За дверью прошаркали домашние тапочки. «Это мама. Это шаги мамы. Я же чувствовал, что она не спит!» — и срывающимся от волнения, хриплым голосом он закричал:
— Мама!
— Сыночек! Генушка!
Дверь распахнулась, и щемящий звук ее голоса, и знакомый запах квартиры, который ни с чем не спутать, запах из детства, врезавшийся в память, так подействовал на растерянного Манько, что на какое–то мгновение, оцепенев, он застыл перед матерью, словно не веря в волшебный сон. А мать смотрела на сына широко раскрытыми глазами, не в силах вымолвить ни слова, и на краткий миг, не совладав с собой, чувствуя, как предательски щиплет глаза, Манько дал волю скатиться по щекам двум слезинкам.
Генушка. Высокий. Похудел. Все те же кудрявые волосы, только на висках седина чуть съела юношеский блеск. Нос, длинный, чуть курносый, заострился, стал тоньше. Веснушки заметны; голубые глаза, они прежние — добрые, веселые; страшный синевой тонкий шрам от ямки на правой щеке к уху; родинка на шее, легко взятая нежным пушком; красные от мороза, слегка оттопыренные и потому несуразные уши.
Манько выпустил из рук чемодан, бросился к матери, прижал крепко к груди, продолжительно поцеловал, и по щеке Геннадия снова потекли слезы — мамины слезы.
— Генушка! Наконец–то… А я все уснуть не могу… Генушка! Наконец–то…
— Мама, ну что ты плачешь? Все ведь в порядке. Я… Перестань, мама…
— Я от счастья, сыночек. От счастья… Ну что же мы здесь? А? Проходи, раздевайся. Отец!
Одной рукой обнимая маму — она еще не выпускает сына из своих объятий — другой Манько до боли пожал шершавую без указательного пальца ладонь отца. «Братишка. Он проснулся, он тоже здесь, бесенок, подобрался сбоку».
— Ну что мы здесь? Проходи, проходи, сыночек, — мама говорит не переставая. — Дверь закрывайте. Давайте в комнату. Сережка!
Скатерть на стол. Давай быстрее! Ты голодный, сыночек? Чего спрашиваю? Конечно, голодный. Нет, сначала в ванну. С дороги, устал. Или спать хочешь? Генушка…
— Мама, мама, — Манько улыбается, тело дрожит, — сначала душ, мама, а потом мы будем говорить долго–долго, пока не уснем.

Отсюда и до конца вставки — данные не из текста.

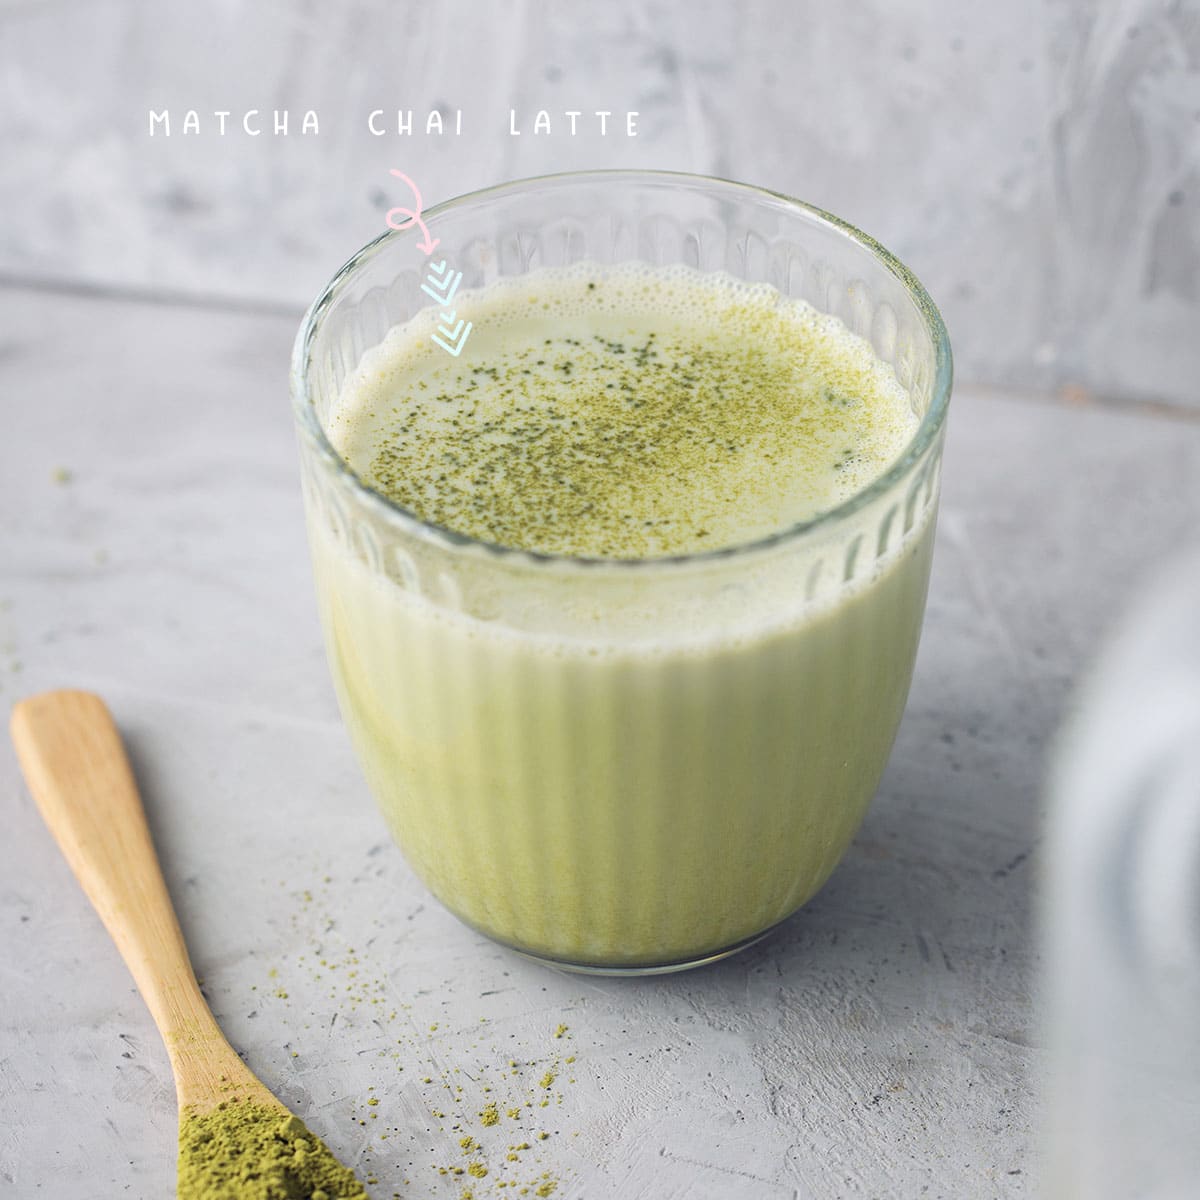 This matcha chai latte is the perfect balance of cozy and refreshing, and I guarantee that it will become your new favorite wintertime drink! I love this recipe because it uses almond milk instead of dairy, making it lighter and easier to digest.

Наговоримся за все эти месяцы.
В своей комнате Манько по–солдатски быстро разделся и, вспомнив, что на теле остались следы ранений, испуганно накинул на голое тело халат, в голове мелькнуло: «Лучше, чтобы мама не видела пока, чтобы ничто не омрачало радость встречи».
Манько скрылся в ванной, задвинув щеколду, включил воду, и тотчас облегченно вздохнул, скинул халат — на обнаженной спине отчетливо выделялись страшные, как и шрам, своей синевой скрученные бугорки кожи. Пять бугорков, где засели тогда пять осколков. «Но это ерунда, — подумал Манько и повернулся спиной к зеркалу, — а вот здесь. — Он приложил ладонь к шее и медленно повел к затылку: — Здесь незаметно, но в этом–то вся беда. Этот осколок не вытащили. Значит…»
Теплая, полная воды ванна влекла, Манько погрузился в нее, испытывая наслаждение, блаженно вытянул ноги, разлегся, но что–то ненормальное будоражило нервы. Из крана продолжала бежать, булькая, струйка. «Ага, вода! Как? Вода свободно уходит?» — он машинально закрутил кран.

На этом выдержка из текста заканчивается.